The 'releases the lock' part is the problem, the object isn't locked. You are treating the _locker object as though it is a WaitHandle. Doing your own locking design that's provably correct is a form of black magic that's best left to our medicine man, Jeffrey Richter and Joe Duffy. But I'll give this one a shot:
public class BlockingQueue<T> {
private Queue<T> queue = new Queue<T>();
public void Enqueue(T obj) {
lock (queue) {
queue.Enqueue(obj);
Monitor.Pulse(queue);
}
}
public T Dequeue() {
T obj;
lock (queue) {
while (queue.Count == 0) {
Monitor.Wait(queue);
}
obj = queue.Dequeue();
}
return obj;
}
}
In most any practical producer/consumer scenario you will want to throttle the producer so it cannot fill the queue unbounded. Check Duffy's BoundedBuffer design for an example. If you can afford to move to .NET 4.0 then you definitely want to take advantage of its ConcurrentQueue class, it has lots more black magic with low-overhead locking and spin-waiting.
The proper way to view Monitor.Wait and Monitor.Pulse/PulseAll is not as providing a means of waiting, but rather (for Wait) as a means of letting the system know that the code is in a waiting loop which can't exit until something of interest changes, and (for Pulse/PulseAll) as a means of letting the system know that code has just changed something that might cause satisfy the exit condition some other thread's waiting loop. One should be able to replace all occurrences of Wait with Sleep(0) and still have code work correctly (even if much less efficiently, as a result of spending CPU time repeatedly testing conditions that haven't changed).

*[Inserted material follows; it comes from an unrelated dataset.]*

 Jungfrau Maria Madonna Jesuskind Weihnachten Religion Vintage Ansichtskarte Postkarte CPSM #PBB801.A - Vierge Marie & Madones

For this mechanism to work, it is necessary to avoid the possibility of the following sequence:
The code in the wait loop tests the condition when it isn't satisfied.
The code in another thread changes the condition so that it is satisfied.

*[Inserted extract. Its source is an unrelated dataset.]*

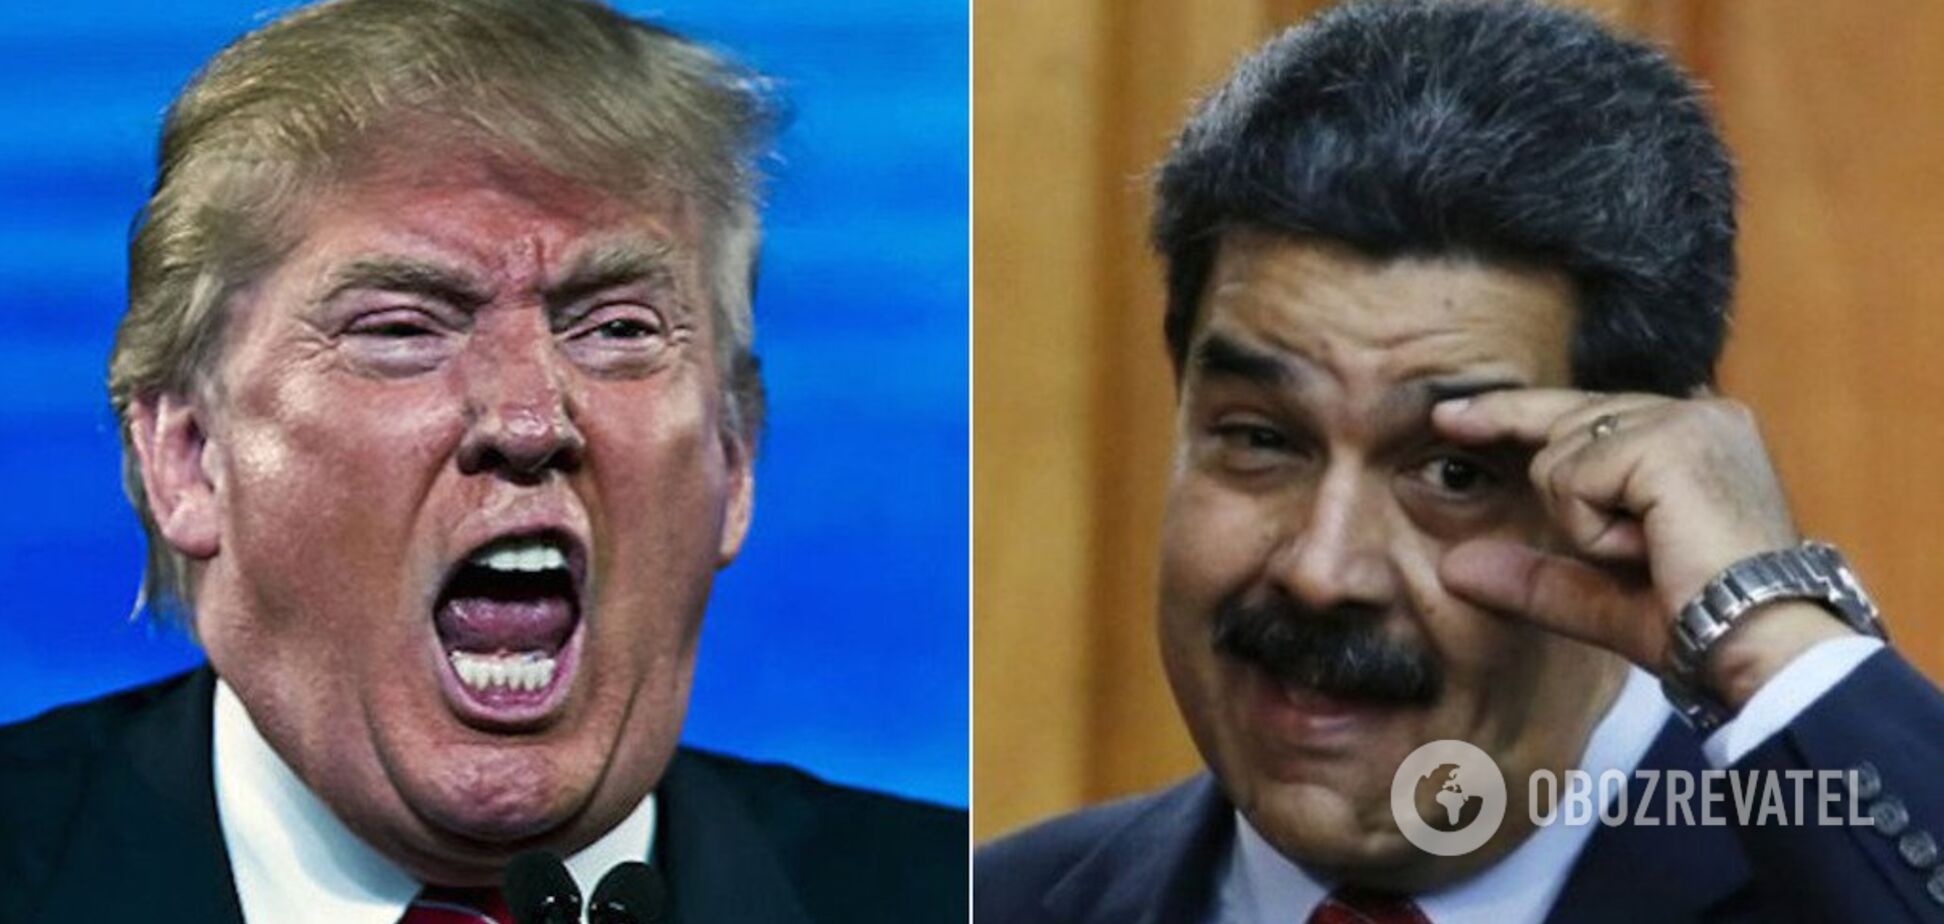 'Раздавлю тирана!' Трамп публично пригрозил уничтожить Мадуро

The code in that other thread pulses the lock (which nobody is yet waiting on).
The code in the wait loop performs a Wait since its condition wasn't satisfied.
The Wait method requires that the waiting thread have a lock, since that's the only way it can be sure that the condition it's waiting upon won't change between the time it's tested and the time the code performs the Wait. The Pulse method requires a lock because that's the only way it can be sure that if another thread has "committed" itself to performing a Wait, the Pulse won't occur until after the other thread actually does so. Note that using Wait within a lock doesn't guarantee that it's being used correctly, but there's no way that using Wait outside a lock could possibly be correct.
The Wait/Pulse design actually works reasonably well if both sides cooperate. The biggest weaknesses of the design, IMHO, are (1) there's no mechanism for a thread to wait until any of a number of objects is pulsed; (2) even if one is "shutting down" an object such that all future wait loops should exit immediately (probably by checking an exit flag), the only way to ensure that any Wait to which a thread has committed itself will get a Pulse is to acquire the lock, possibly waiting indefinitely for it to become available.